West-east street in Manhattan, New York

93rd Street is a one-way street in the New York City borough of Manhattan. Like most Uptown Manhattan east–west streets crossing Central Park, it is split in two segments. Its west segment traverses the Upper West Side and runs from Riverside Drive to Central Park West, while its east segment traverses the Upper East Side and runs from 5th Avenue to East End Avenue.

The portion of the street between Madison and Fifth Avenue is part of the Carnegie Hill Historic District.

A notable monument to Joan of Arc by Anna Hyatt Huntington stands at the street's western terminus at Riverside Park.

In 2025, the section of the street near West End Avenue was named Malachy McCourt Lane, after American-Irish actor, writer and politician Malachy McCourt.
== History ==
The block of 93rd on the Upper East Side was nearly empty until 1888, when some row houses on 57 and 61 East 93rd were built. Some small apartment buildings were then built in 1891 from 62 to 72 East 93rd Street. The Alamo, located at 55 East 93rd Street, was built in 1900.

==Notable buildings==
- Columbia Grammar & Preparatory School
- 161 West 93rd Street, built by the Nippon Club
- The Spence School occupies the former William Goadby and Florence Baker Loew House.
- Congregation Shaare Zedek, in a former Neoclassical building from 1922, demolished in 2019 and since redeveloped as a Modernist building.
- The Joan of Arc Junior High School in an Art Deco building between Amsterdam and Columbus avenues.
- The Gothic Revival Lutheran Church of the Advent, 1900, on the northeast corner of Broadway.
- 75 E 93rd St - Synod of the Russian Orthodox Church Outside Russia - formerly the Francis Palmer House / George F Baker Mansion—the former mansion of General Winfield Scott was located here as well
- 60 East 93rd Street- Formerly the Virginia Graham Fair Vanderbilt house. The mansion now serves as a gallery for Carlton Hobbs LLC, an antique dealer specializing in fine European furniture and works of art.

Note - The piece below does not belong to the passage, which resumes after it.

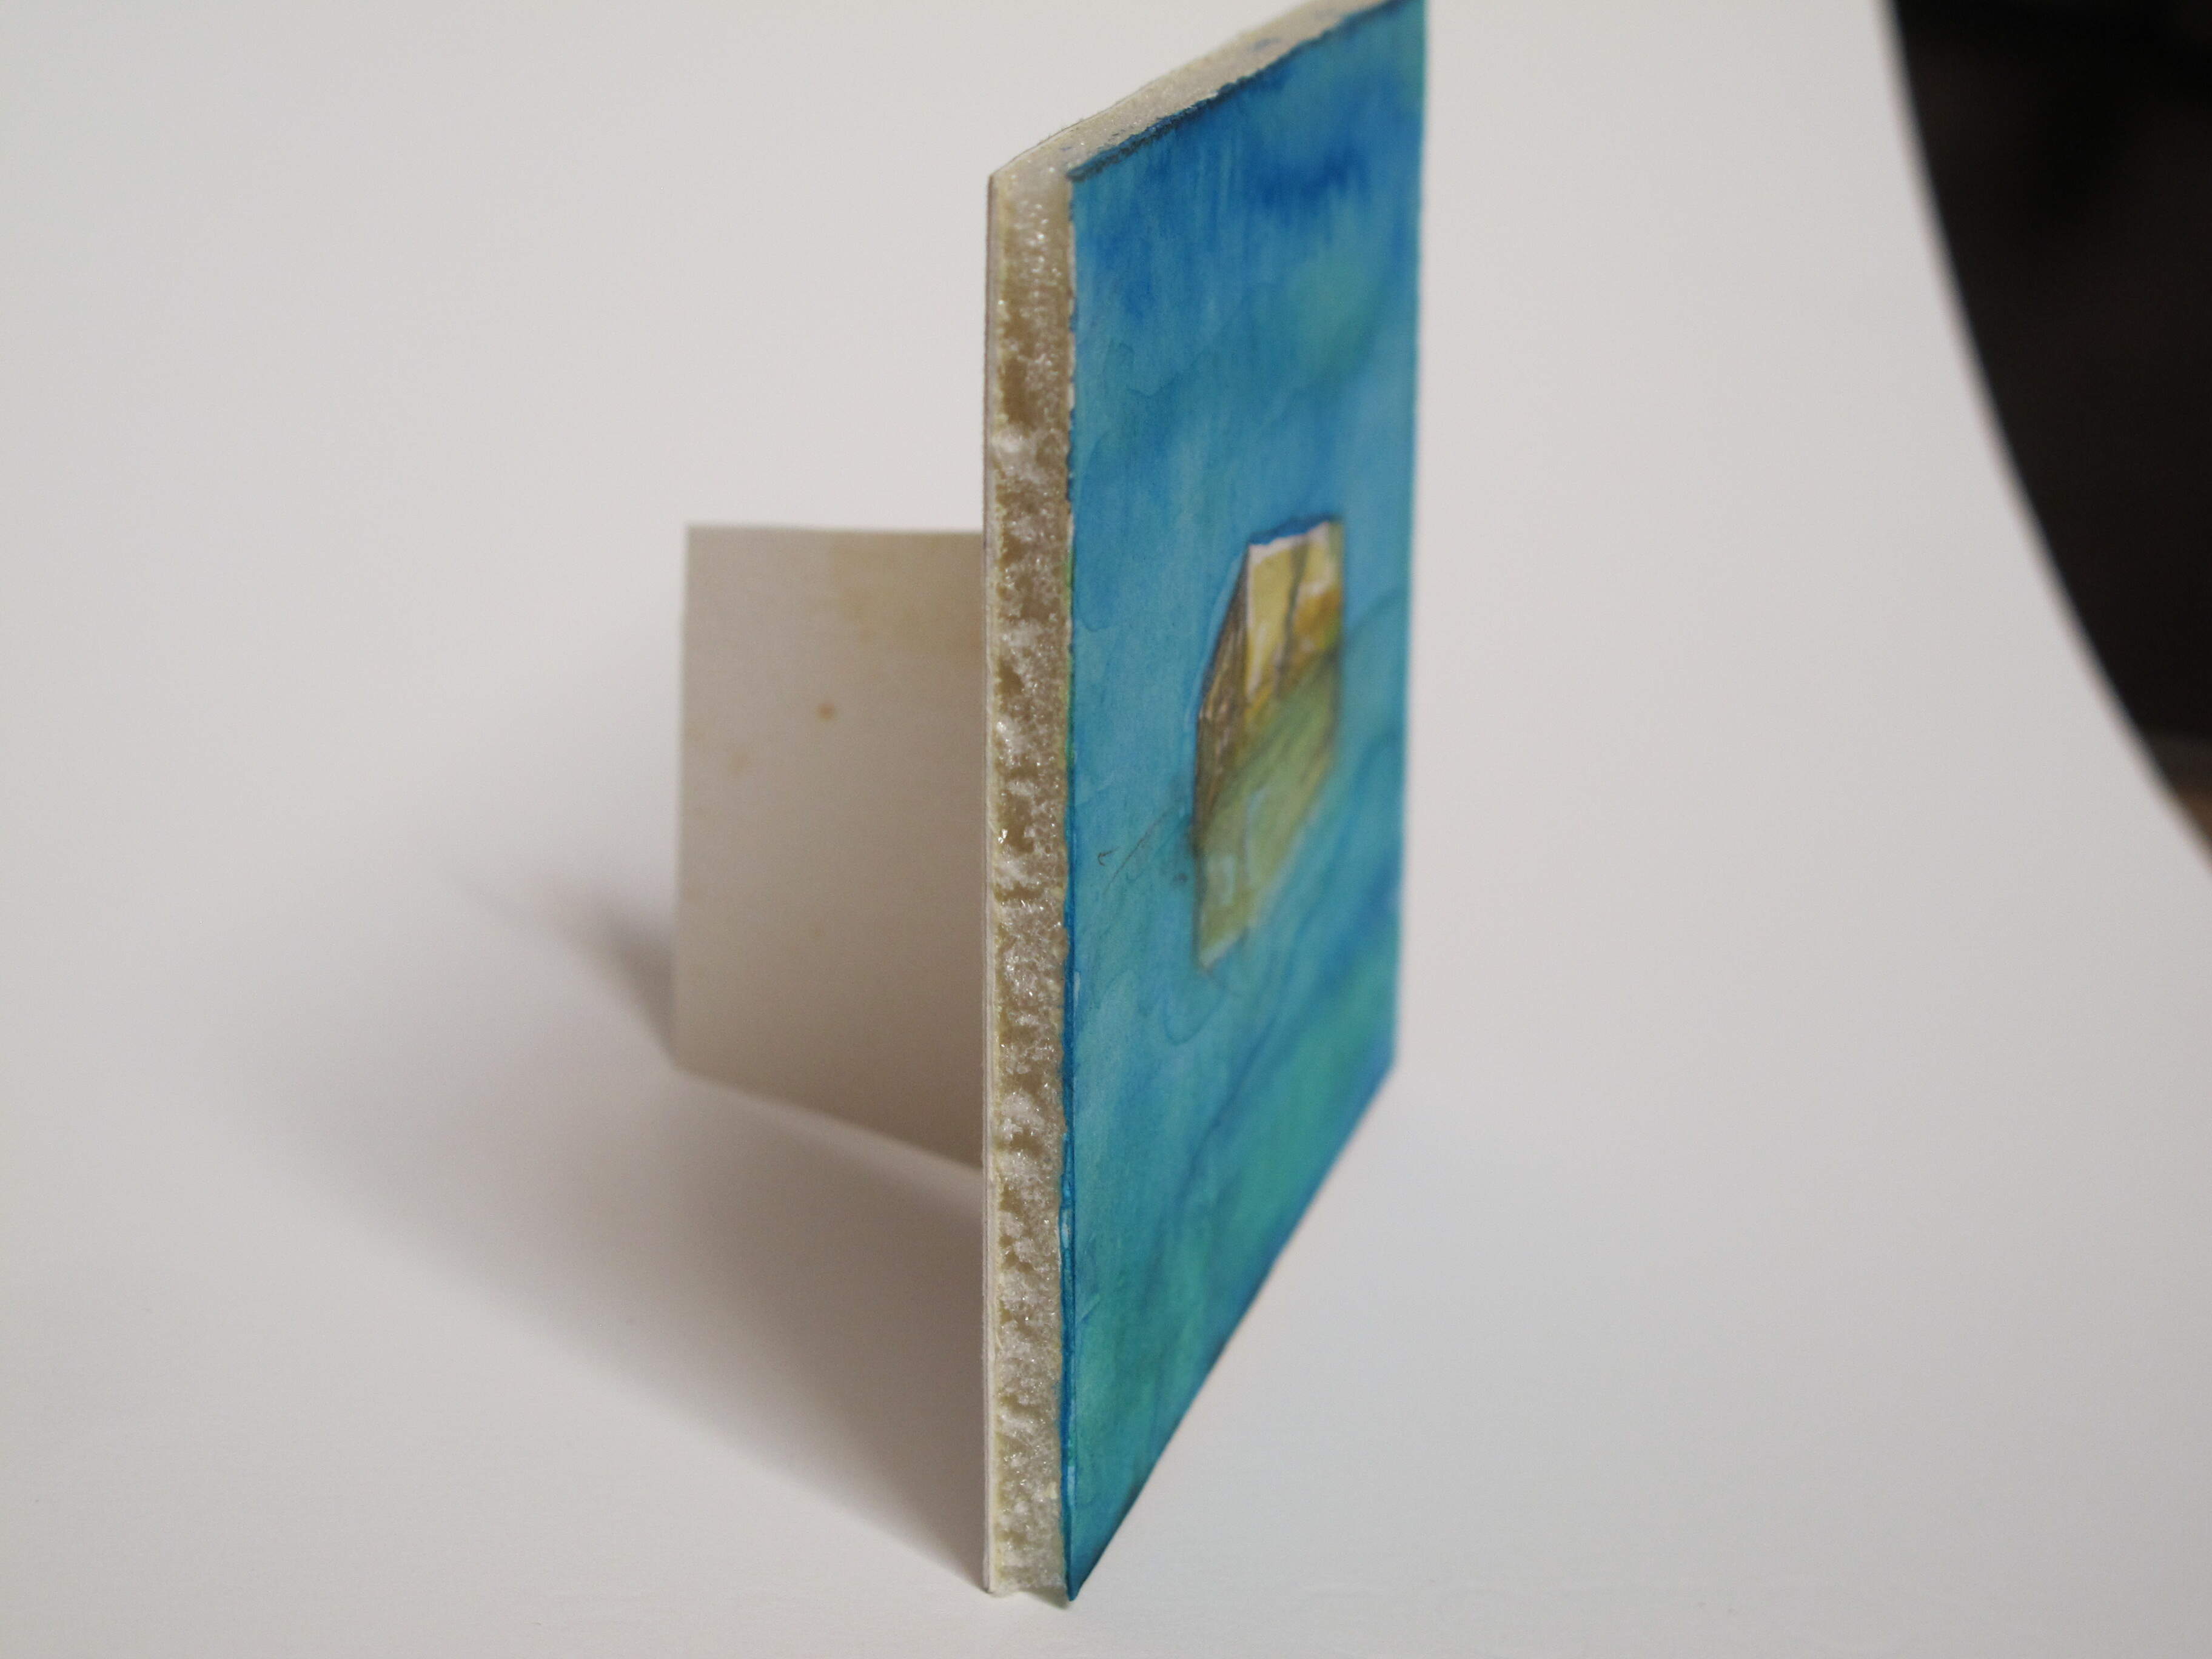 CASAMATTA di Tano Giuffrida. Acquerello, cm 9,4 x 7,8, magnete.

The 93rd Street Beautification Association works to preserve and enhance the street where it runs through Carnegie Hill.

==Notable residents==
- The Marx Brothers lived here at 179 East 93rd Street.
- Larry Ray (born 1959), criminal convicted of sex trafficking, extortion, forced labor, and other offenses, sentenced to 60 years in prison
- Jackie Robinson lived at 33 West 93rd Street for a year and a half in the 1960s.